The distribution of power: Social segregation is so acute in the city that it regulates consumption, with stores distributed in accordance with the buying power of each area. If a map with skin color was superimposed, the segregation would be equally clear.
As a result, our imaginary of the indigenous contains a variety of figures: the glorious Indian of past civilizations, worthy of showing off to the entire world; the indigenous people who preserve their culture, generally seen to be disappearing despite their numbers (over 15 million), now paternalistically reconsidered as part of “our cultural diversity” but reviled with the worst racial epithets and repressed if they express their discontent and defend their rights; and the city dwellers, the descendants of indigenous people who don’t flaunt their genealogy, the “nacos” and “cara de indios” who are denied equal opportunities because of their appearance and have to work twice as hard to advance, the usual suspects, those receiving unequal treatment before the law and exposed to all manner of abuses, those who should remember “their place” and not be “overfamiliar,” those who suffer an equally cutting racism on a daily basis, but one less visible, affecting millions of people.
The Other, I, We...
What is it that makes someone who is different than us into “the other”? The gaze, our gaze. Our ways of seeing have an implicit series of preconceived ideas, values and expectations: prejudices. There is no such thing as an innocent gaze. On it depends our relationship with the world, with “the other,” and our language accompanies it and molds it: the expressions we use to describe someone, how we address them.

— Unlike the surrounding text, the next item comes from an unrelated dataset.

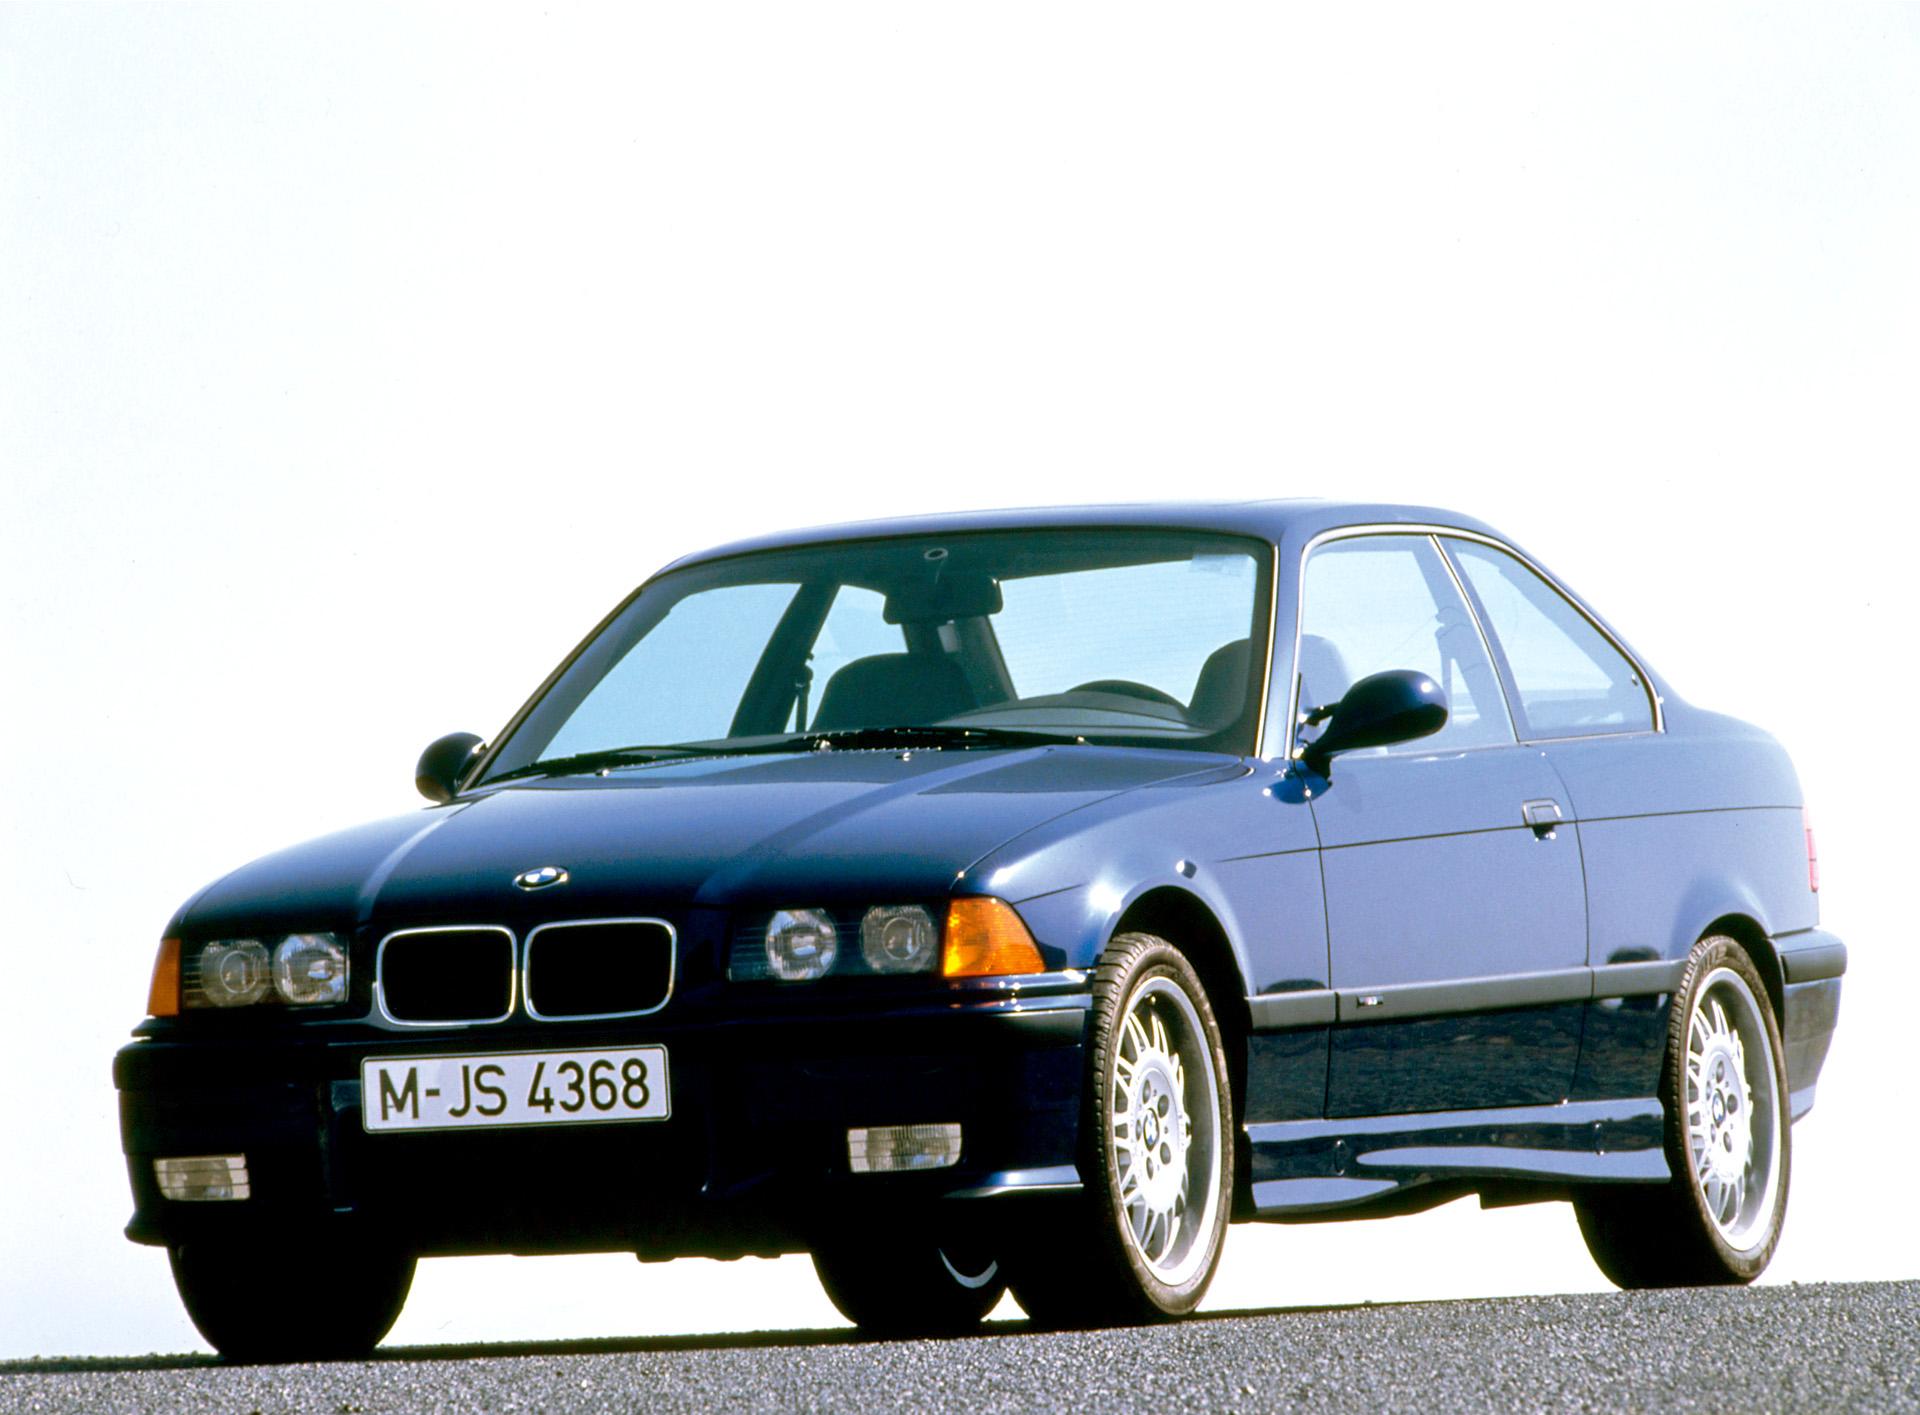 25th Anniversary Of The Bmw M3 Clublexus Lexus Forum

In the face of abuse, contempt and other attitudes they face in the city, some young indigenous people have taken on new identities with certain similarities with that of groups that inspire respect and even fear. A strategy of protection, of survival.
Beyond being or not being racist, it is the interiorization of these ideas, expressions and values – including aesthetics – that determines our relationship with “the other,” whether they be of African, Asian, Arab, Jewish, European or indigenous origin, or with some ancestry from any of these groups, which is always difficult to define and delimit. The mere fact of placing someone in a category is due to this (it’s currently very common in many countries for all Arabs to be seen as terrorists). The racist clichés that come up in certain situations, such as when there’s a conflict, are a clear expression of this (“indio igualado,” “pinche naco,” etc.).
The problem doesn’t end there, as “the other” can be a white person in a position of power, in which case we put ourselves in the role of victims – a self-deprecation based on this same interiorization of clichés due to the power of “aspirational” images that, over and over, day after day, insist on the superiority of white skin. Although we can also respond aggressively, as a way of preventing or preempting discrimination.
What’s the point of asking ourselves how Indian our conversation partner is? What’s the point of treating indigenous people with contempt or paternalism? What makes someone believe that their skin is lighter than it really is? Diversity is an intrinsic characteristic of humanity. Equality is another. Equality in diversity is its synthesis, and is basic to coexistence. Changing our gaze and no longer looking at those who are different through the prism of degrading categories can contribute to this. It’s one step towards overcoming this serious problem, here as in the rest of the world.